One gentleman seated near me said, “yep.”
I looked at him. He looked grim and stricken as well and I felt like we’d shared something. I sat down across from him and said, “that talking head said ‘this is indicative of how divided Americans are.”
He nodded, kind of solemnly, kind of helplessly.
He, a middle-aged white man from the northeast, living here in Japan these past 20 years or so, sitting here getting a fix in the form of a reminder of what he’d left behind two decades ago, living in a land where there is a hell of a chance neither he nor his children will ever be able to truly belong…this man reached out to me, gently took hold of my hand, lifted it and extended a finger. I did the same. I wasn’t even sure why. I just did. I looked at our fingers, two parallel lines suspended above the table littered with cups and glasses, bagel crumbs and fruit peels, and I realized what he was pointing at, or rather pointing out.
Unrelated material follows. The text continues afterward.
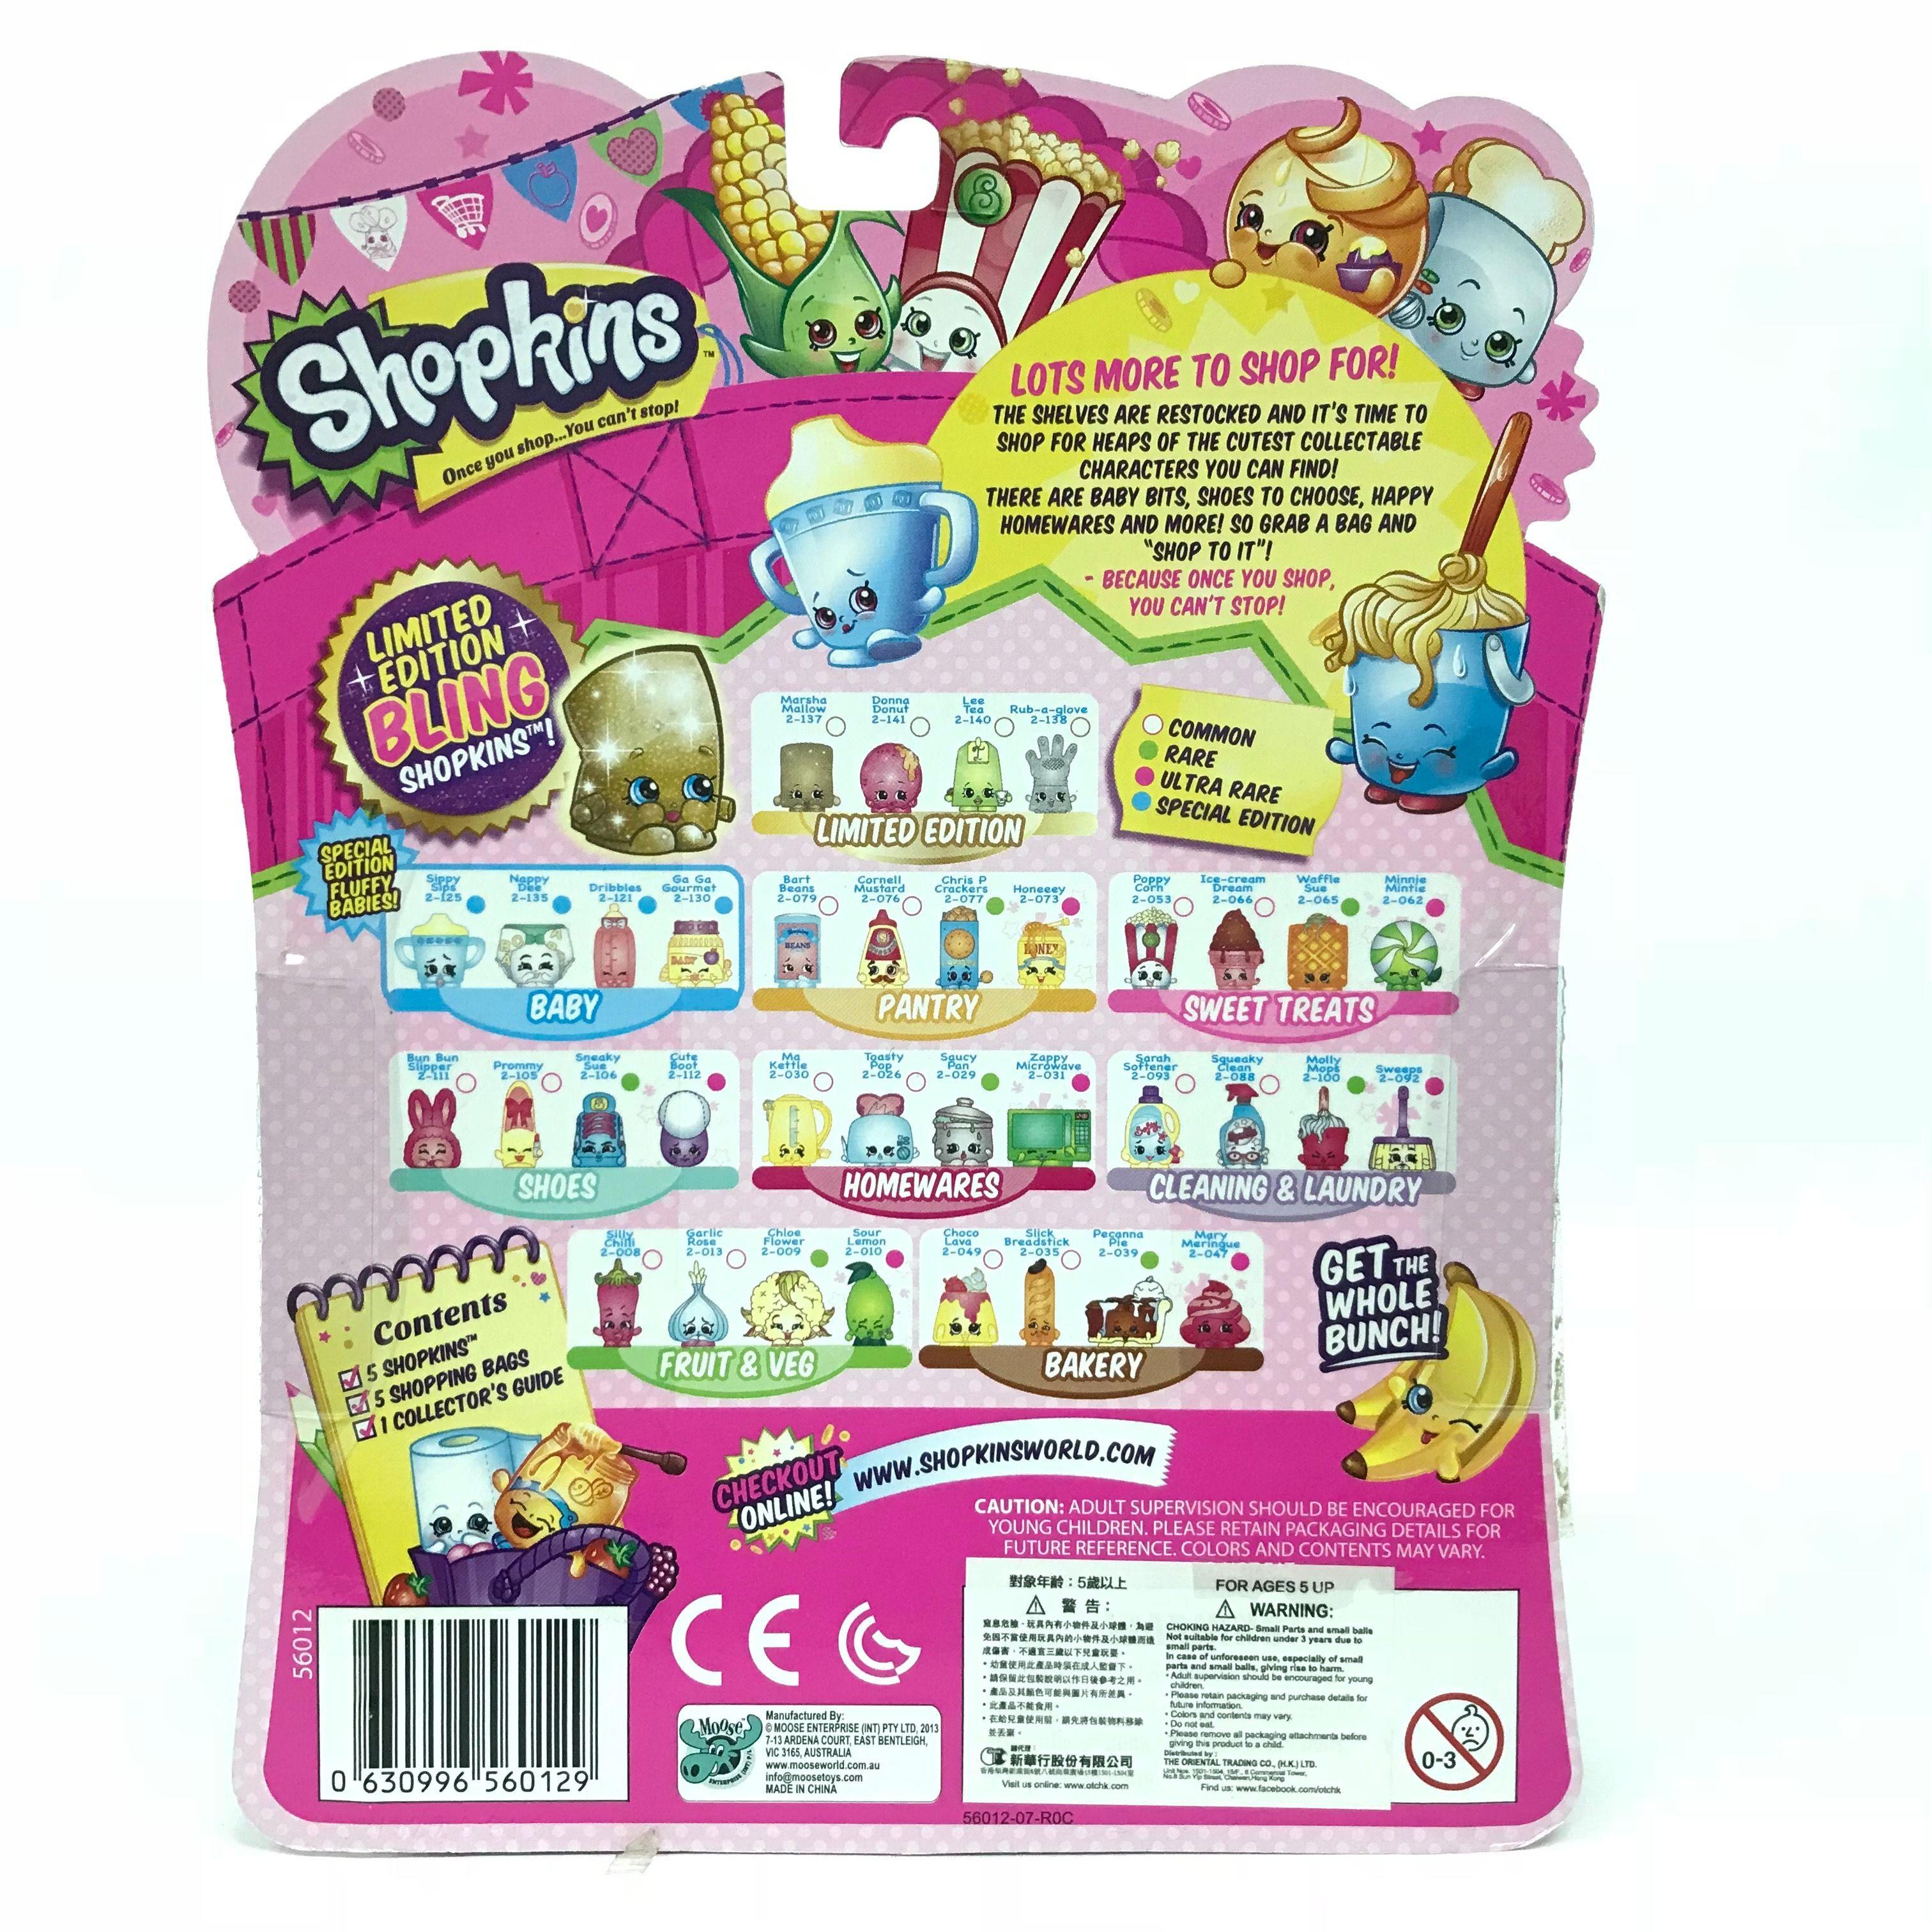 Shopkins-Season-2-Collectibles-Pack-of-5-Bags-Characters-Set thumbnail 4

It was the difference in our skin color.
*****
As a writer, I’m a big believer in the power of words, both written and spoken. I don’t know if President Obama wrote all his speeches, but I remember his delivery and I remember the words. They moved me. They moved America. He made a believer outta me. That is not to say that I forgot that he was a politician. I didn’t. I can be as cynical, especially when politicians are involved, as anyone in their right mind.
But, his message cut right through my hardened cynical shell like no other politician, black, white or what have you, had ever been able to even come close to. Obama had read my mind like it was an open book and tapped into a well in my soul that I always knew was capacious but never in my wildest dreams believed could be penetrated by a politician, let alone one that, without an excess of piety, pontificate like a beloved preacher and embodied the very promise and hope he was prescribing as a panacea for America’s pain and misery.
When Obama said, “we will remember that there is something happening in America…that we are not as divided as our politics suggest…that we are one people, that we are one nation…” I believed him. My heart reached across the aisle because I thought there is no way…NO WAY…those on the other side of that aisle could deny that they felt the same, or at least wanted to feel the same, wanted to give this promise a chance to manifest itself.
I was proud to be a product of a nation that produced leadership that could inspire the way he did, that could find the words and say what needed to be said when it needed to be said, on a platform where everyone could hear it. I thought that, at long last, providence was upon us all.
Well, today’s election result was proof that there is, indeed still something happening in America. And upwards of 49,000,000 Americans will have no parts of it; would sooner toss the keys of power to a confirmed unrepentant compulsive liar with admitted scorn for 47% of Americans and binder full of women, with nothing useful to add to the ongoing dialogue between Americans and our government that doesn’t ring of running Her like a poorly run corporation deep in the red and in need of a CEO with a track record in the black…
And, as my fellow party attendee sat across from me suggesting that it was because Obama was in the Black, I just looked at him and his bony white finger for a moment, blamelessly.
And I wondered if he could see the cynicism in me trying to shut and seal the lid on my gushing well of hope, even as we watched Obama and his, thankfully, slightly more than 47%, seal four more years of dueling with millions upon millions of apparently hopeless souls.